**WHAT NEEDS TO BE DONE:** Copy out the whole listing exactly as given. Skip the pictures.

**DATA BELOW:**
=== Section Start ===
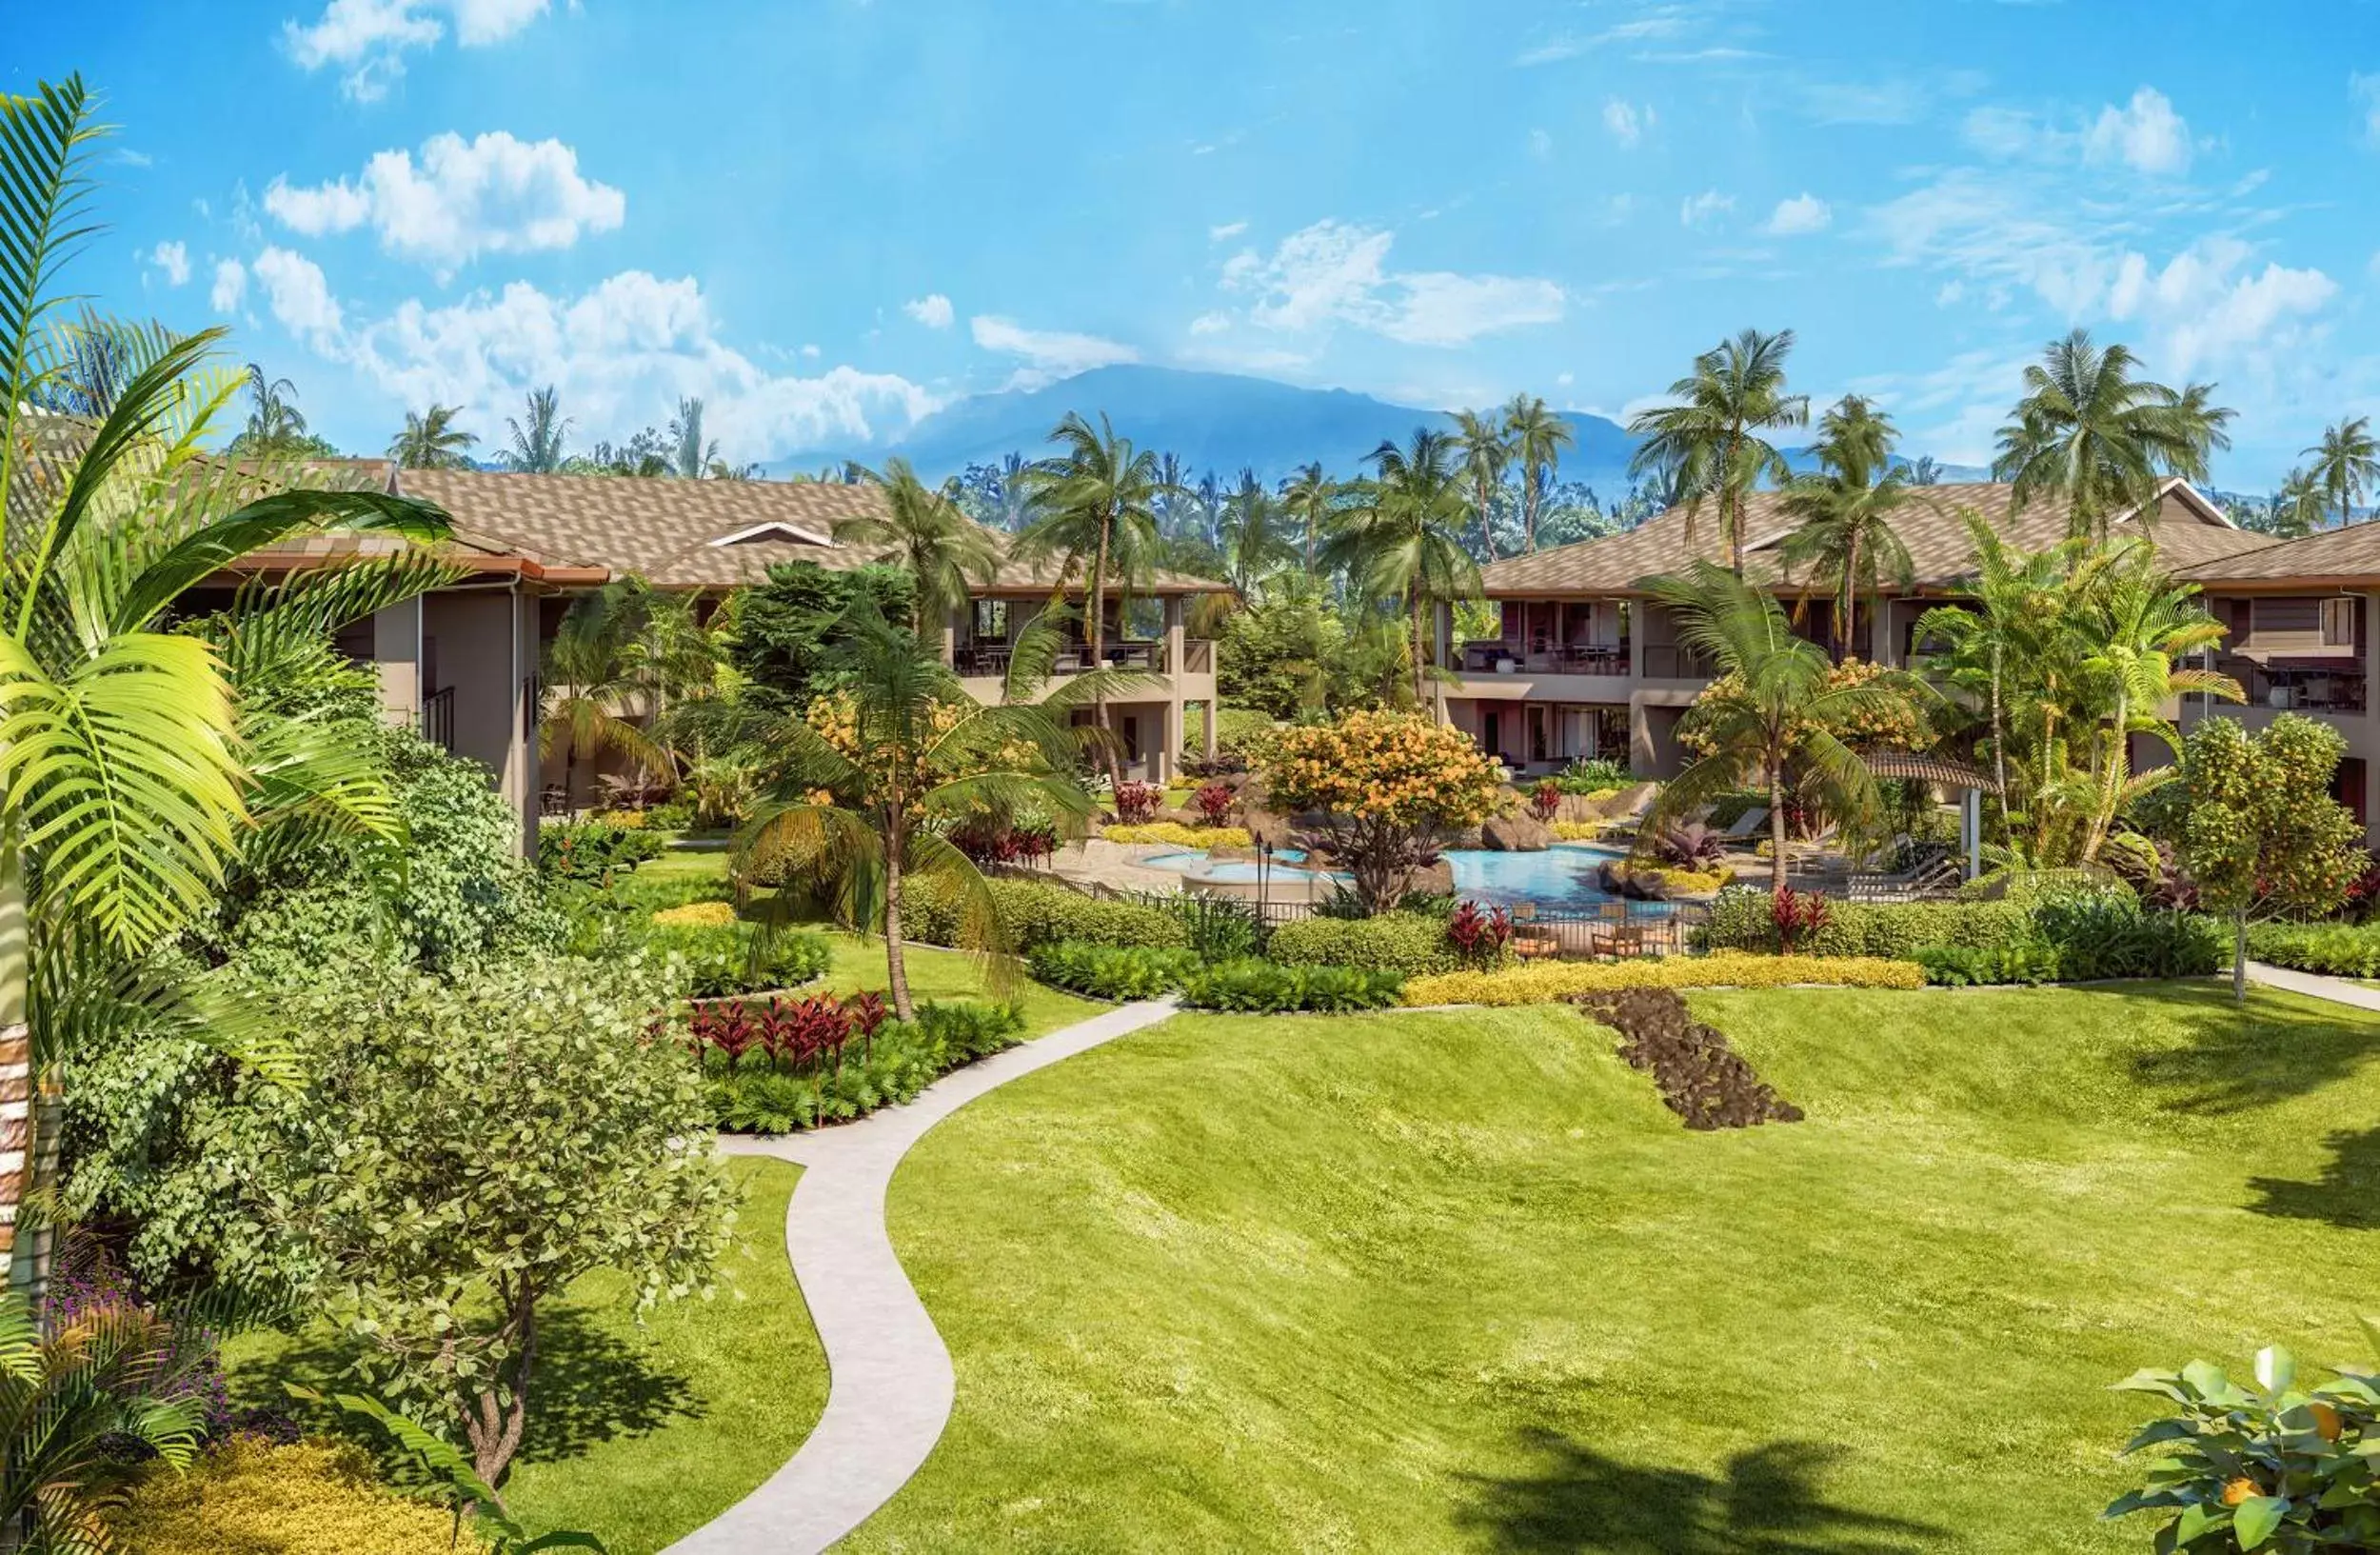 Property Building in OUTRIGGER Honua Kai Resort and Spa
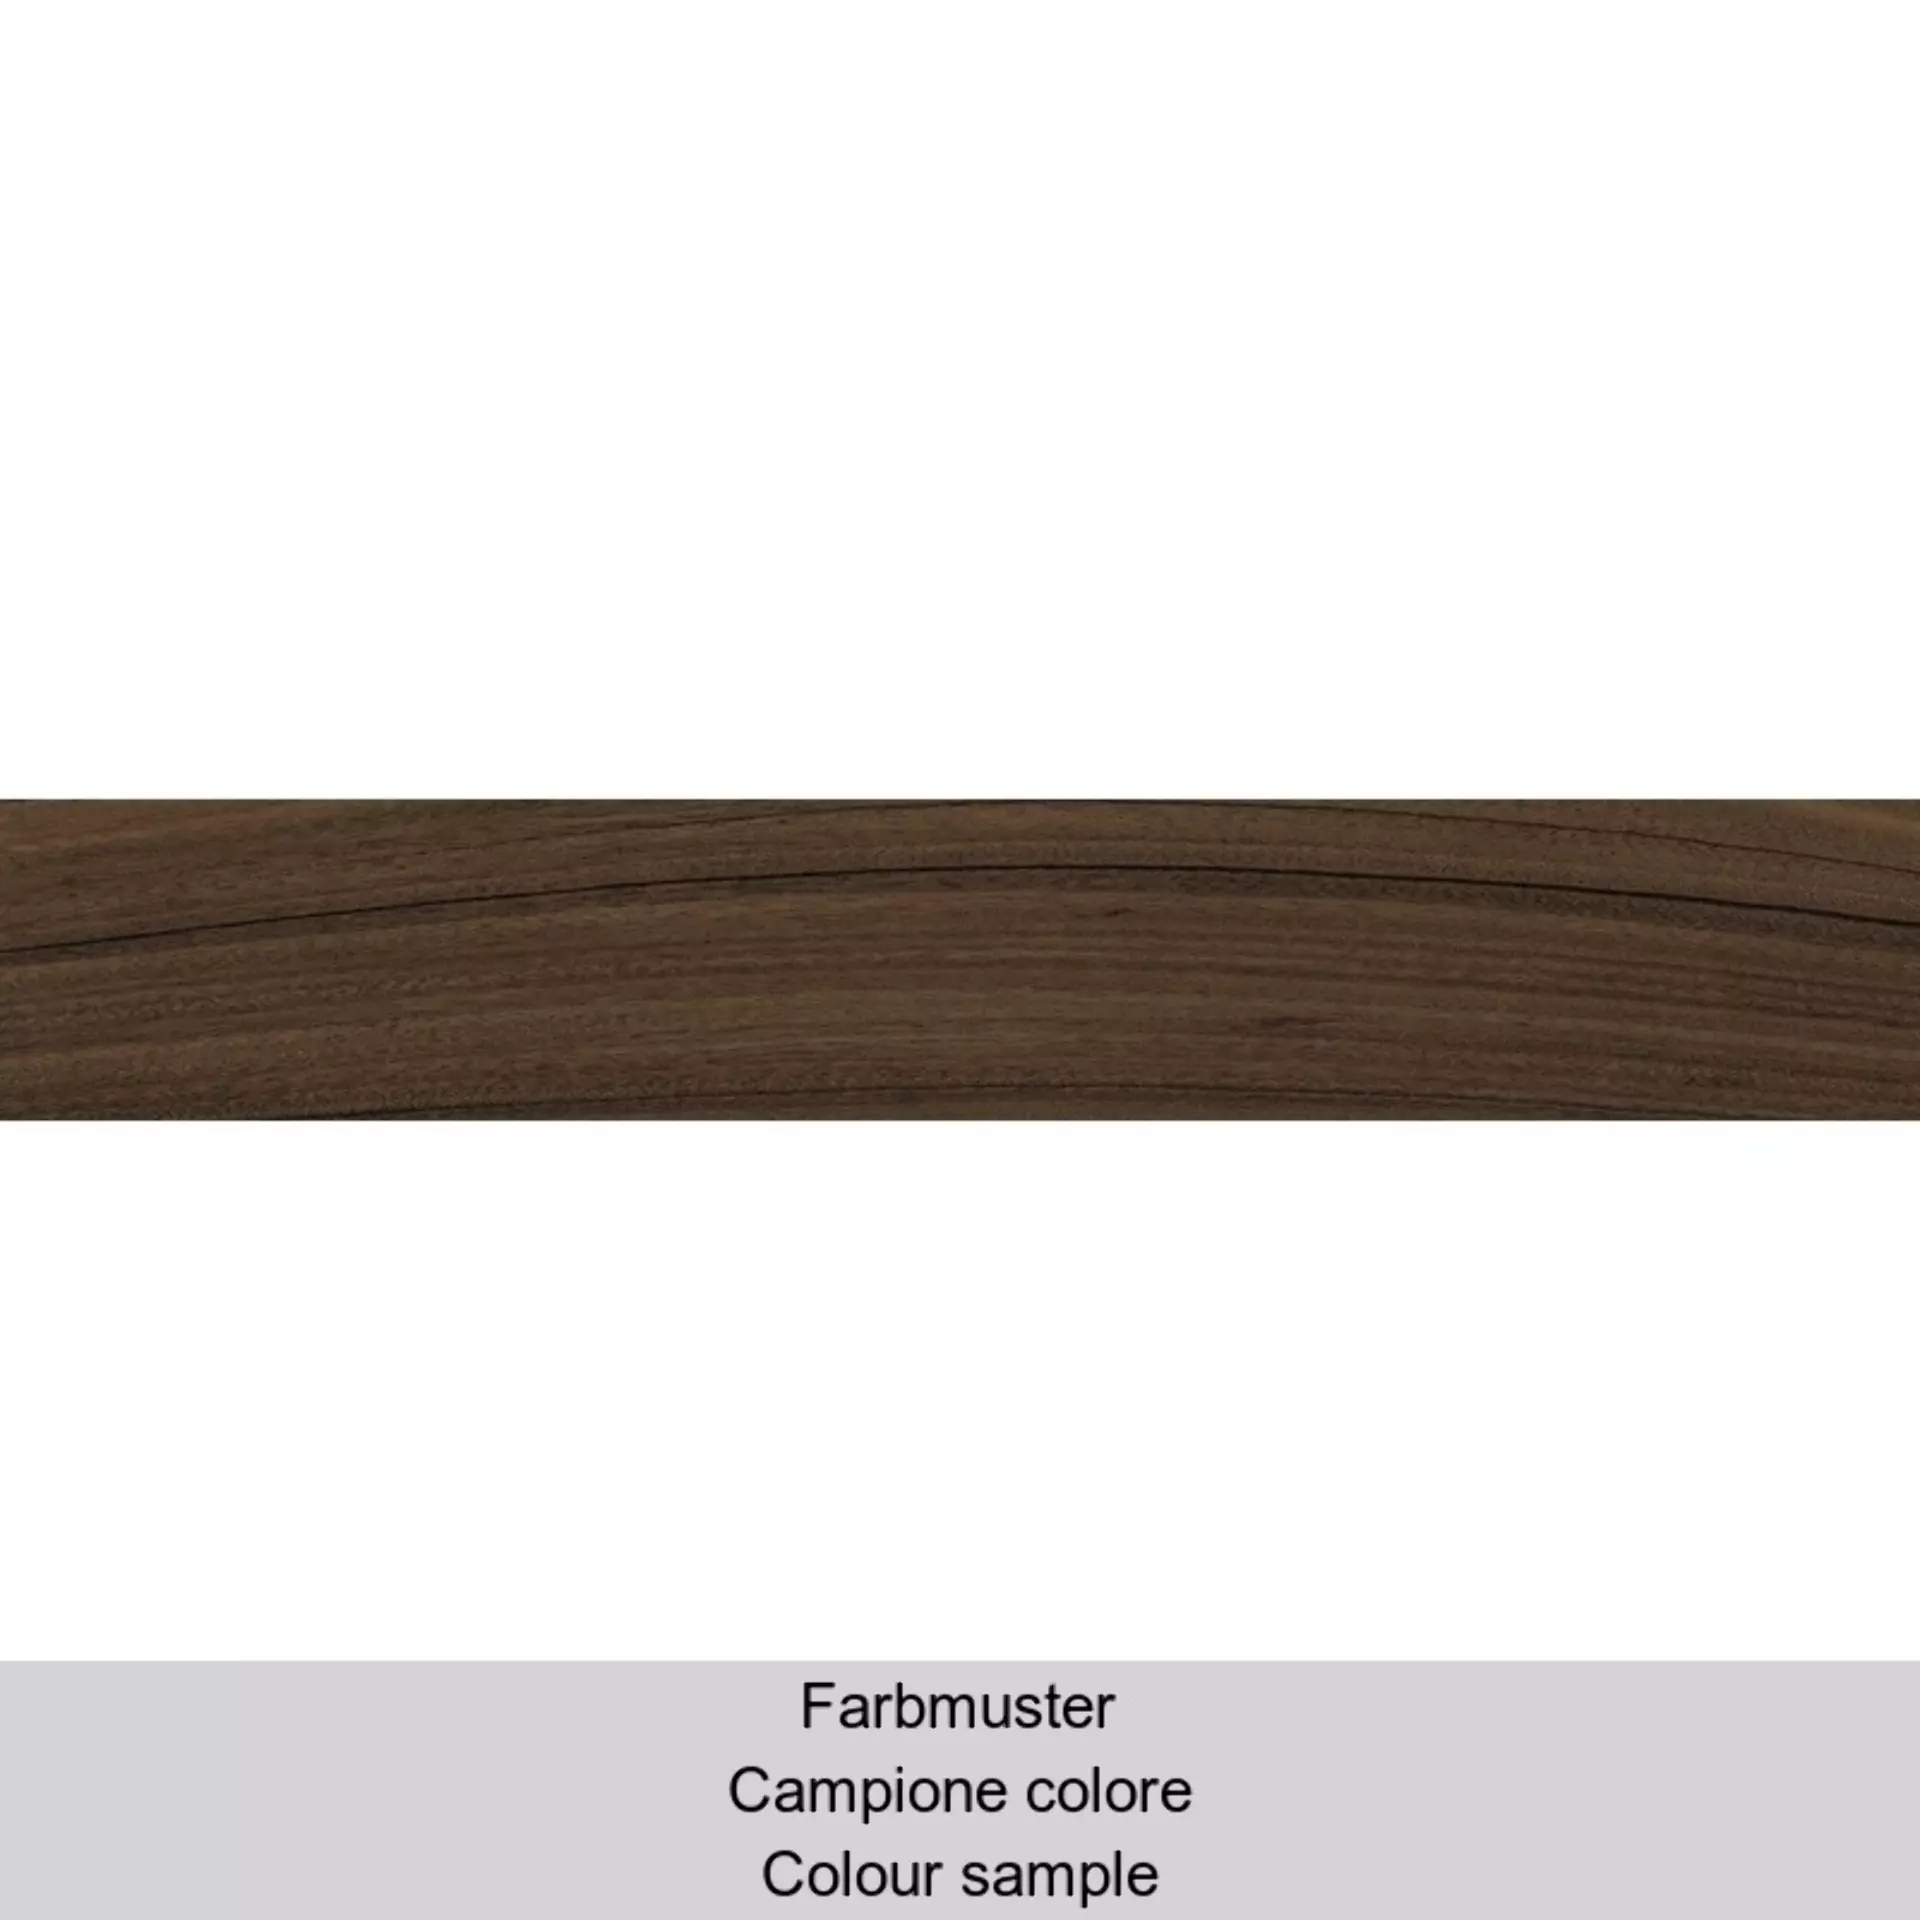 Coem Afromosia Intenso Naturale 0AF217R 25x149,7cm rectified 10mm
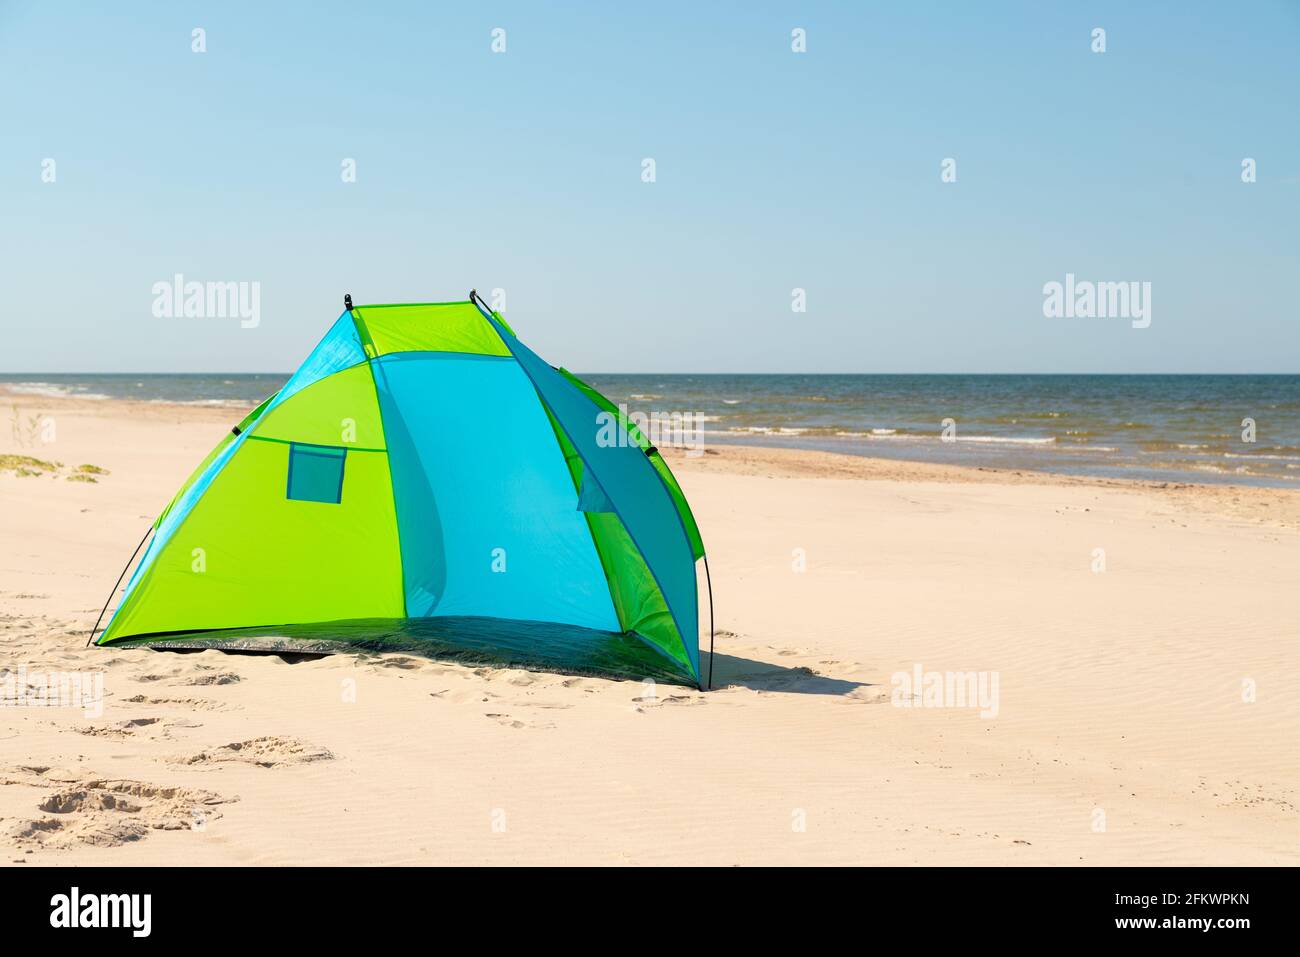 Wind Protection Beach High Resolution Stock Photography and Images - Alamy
=== Section End ===
**RESULT FOR THIS EXERCISE:**
 Property Building in OUTRIGGER Honua Kai Resort and Spa
 Coem Afromosia Intenso Naturale 0AF217R 25x149,7cm rectified 10mm
 Wind Protection Beach High Resolution Stock Photography and Images - Alamy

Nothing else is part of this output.